Interpol is carrying out the largest anti-elephant ivory poaching operation ever mounted following mass killings in Africa.
Wildlife agents in 14 different African countries have been raiding outlets and hunting down traders to crack down on the multi-million pound industry. Operation Worthy, as it is being called, is aimed at stifling the increasing demand in illegal elephant ivory, mostly from Asian countries such as China.
The operation, which has been co-ordinated by Interpol's Environmental Crime Programme and funded by the International Fund for Animal Welfare (IFAW), has already had some success.
Several dozen people have been arrested and the agents have recovered what they describe as "significant" amounts of illegal wildlife products - including more than 250kg of raw ivory but also lion and leopard pelts, python and crocodile skins and live birds.
The operation follows a terrible year for elephants in 2011.It was the worst year on record for ivory seizures - and only last week a team of wildlife workers for IFAW reported an unprecedented slaughter of elephants in Cameroon.
"This is about bringing hard-nosed criminals to justice and stopping the cruelty that has been inflicted on thousands of elephants and rhinos," said Kelvin Alie, the director of IFAW's Wildlife Crime and Consumer Awareness Programme.
One of the main exit points for elephant ivory is Kenya and the Sky team was taken to see a huge stockpile of confiscated ivory near the capital, Nairobi.
We have been asked not to identify where we were taken for fear it will be raided and the ivory stolen.
Elephant ivory is big business and protecting the elephants can be a dangerous occupation.

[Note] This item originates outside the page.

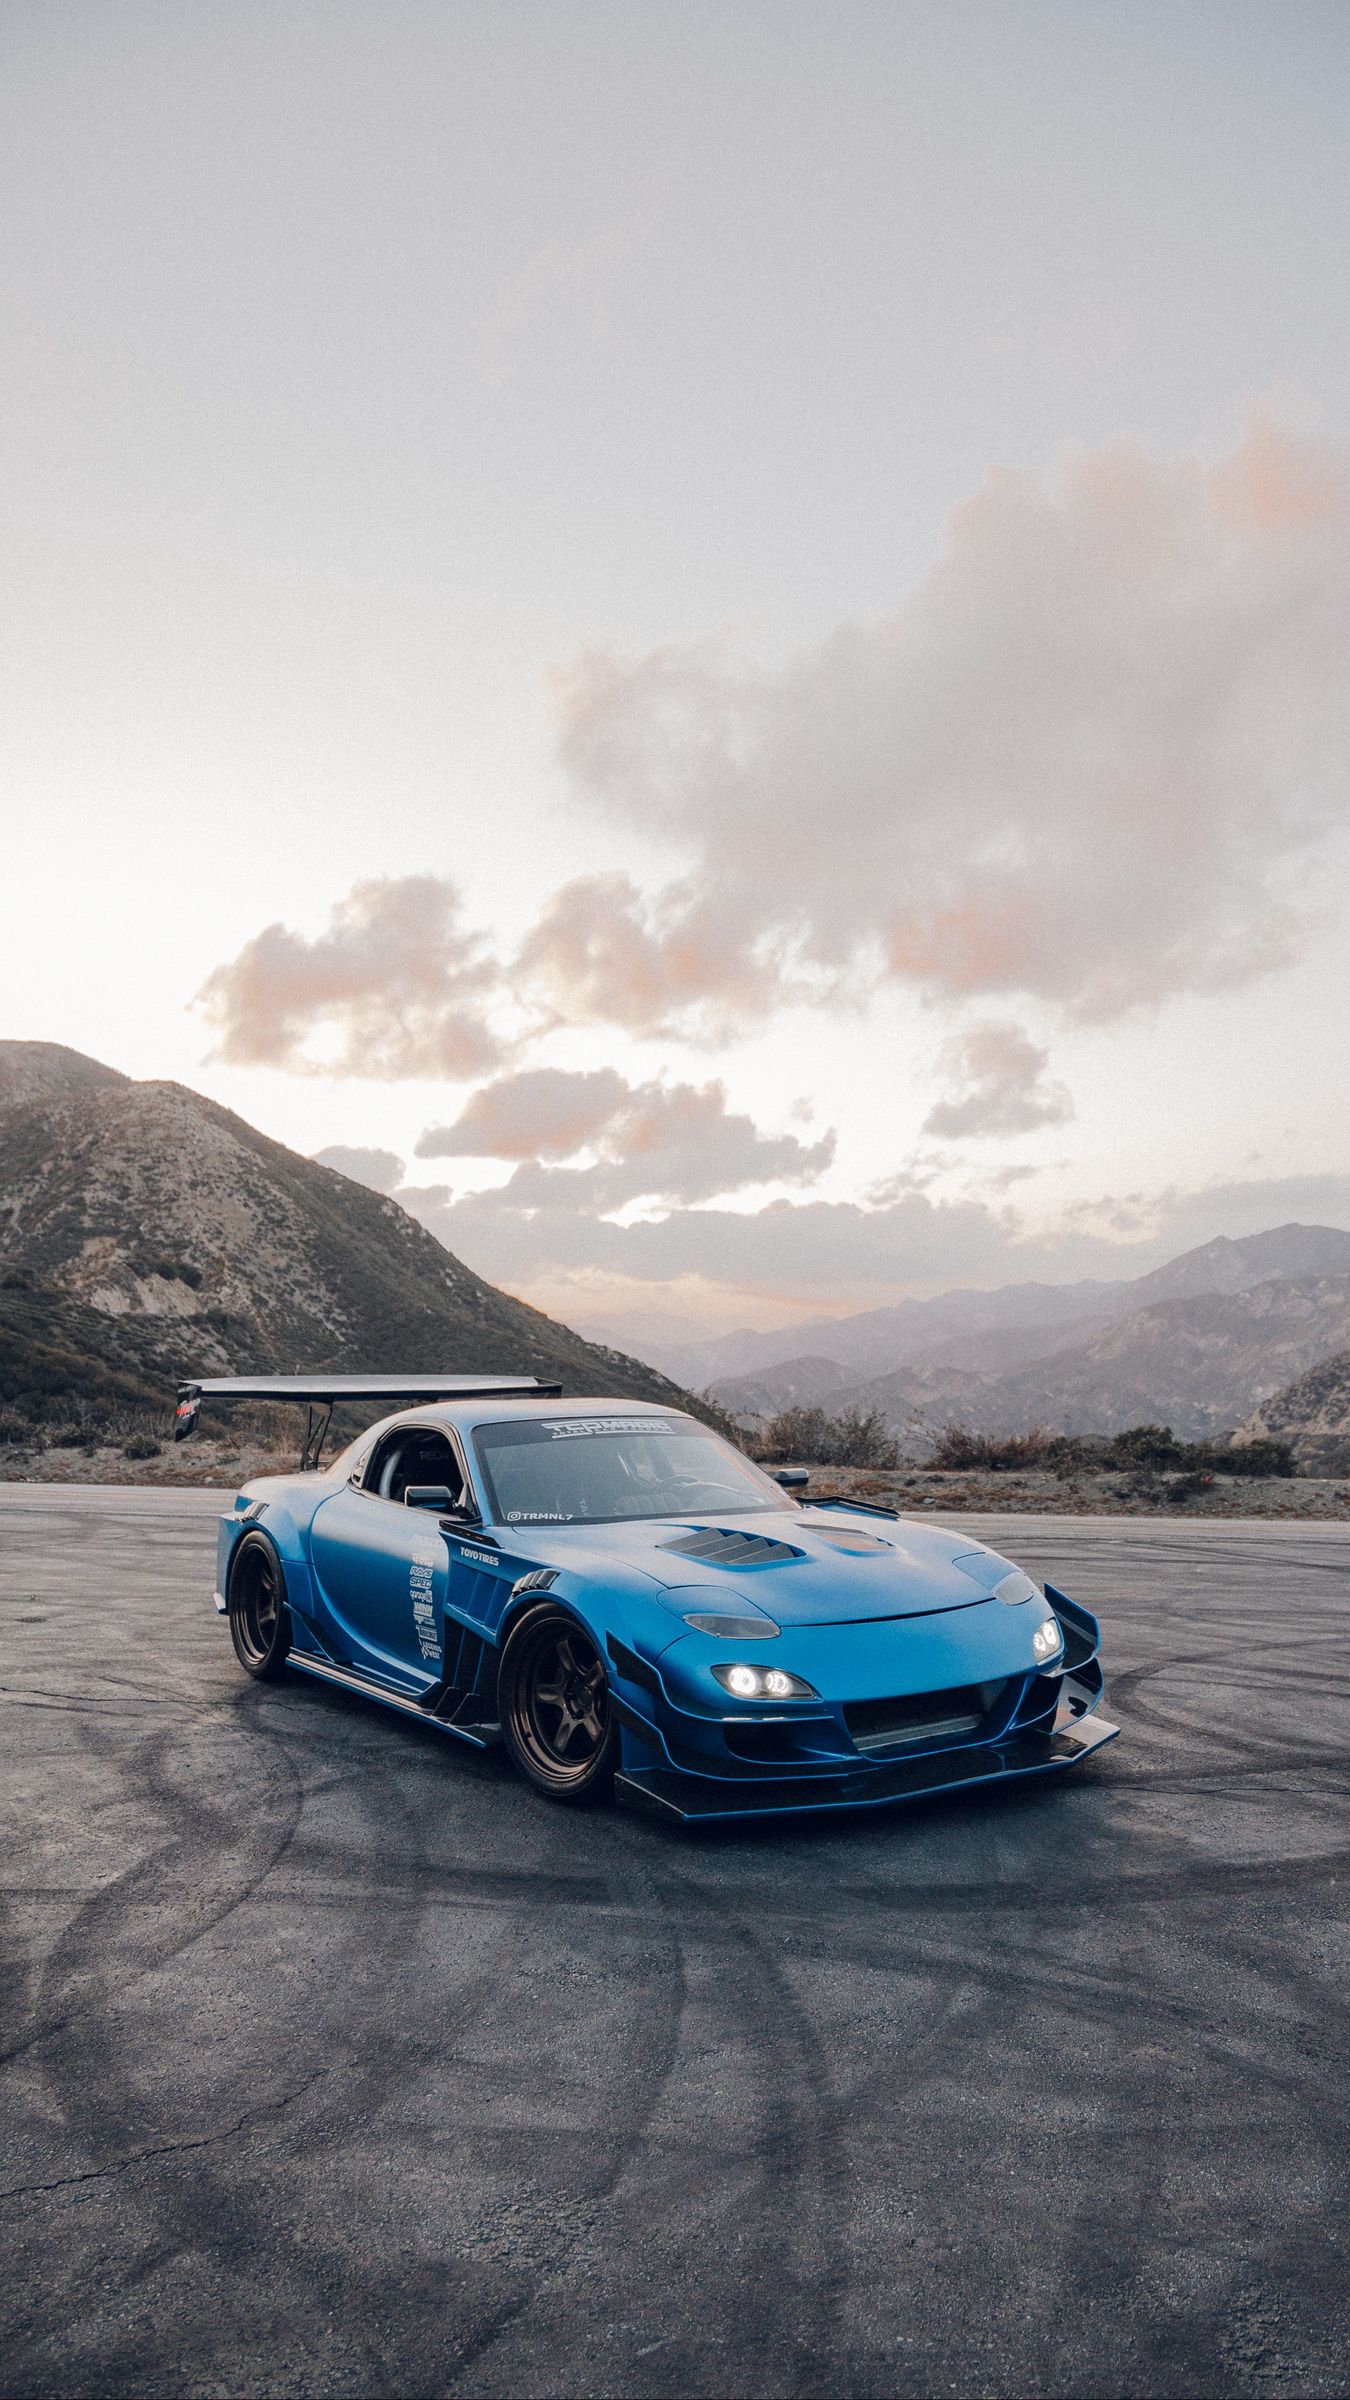 Edited a RX7 Wallpaper to my Preferences hope you guys enjoy

As we arrived, the rangers from the Kenyan Wildlife Service told us a female ranger had died that day trying to protect the elephants in her charge.
We were taken through heavily bolted doors to see dozens and dozens of tusks. They filled three rooms. The guard drew my attention to a stack of 12 crates - all filled with ivory hidden among avocados before being spotted by customs officers.
This was just one consignment - with each tusk with a street value of about £40,000 on the black market. They haven't yet decided what to do with the illegal ivory - and what to do with it is a big problem.
In 2008, the ban on ivory sales was lifted to allow for the trade of 108 tons of ivory stocks from Botswana, South Africa, Namibia and Zimbabwe to China and Japan. The sell-off did dispense with old stocks but it also boosted demand - and worringly provided an ideal cover for illicit ivory sales.
China's rapid economic expansion into Africa has also inadvertently led to an upsurge in demand for ivory products. With Chinese buyers now prevalent in many African countries, the criminal syndicates ordering the tusks have a ready market.
The rangers from the Kenya Wildlife Service fear the poaching is already depleting elephant stocks to a dangerous level.
Patrick Omondi, the assistant senior director of Kenyan Wildlife Service told Sky News: "We are already seeing populations of elephants disappear. And Kenya cannot fight this war on its own.
"We need the whole international community to come together to fight this or I fear the elephant will eventually become extinct in parts of Africa."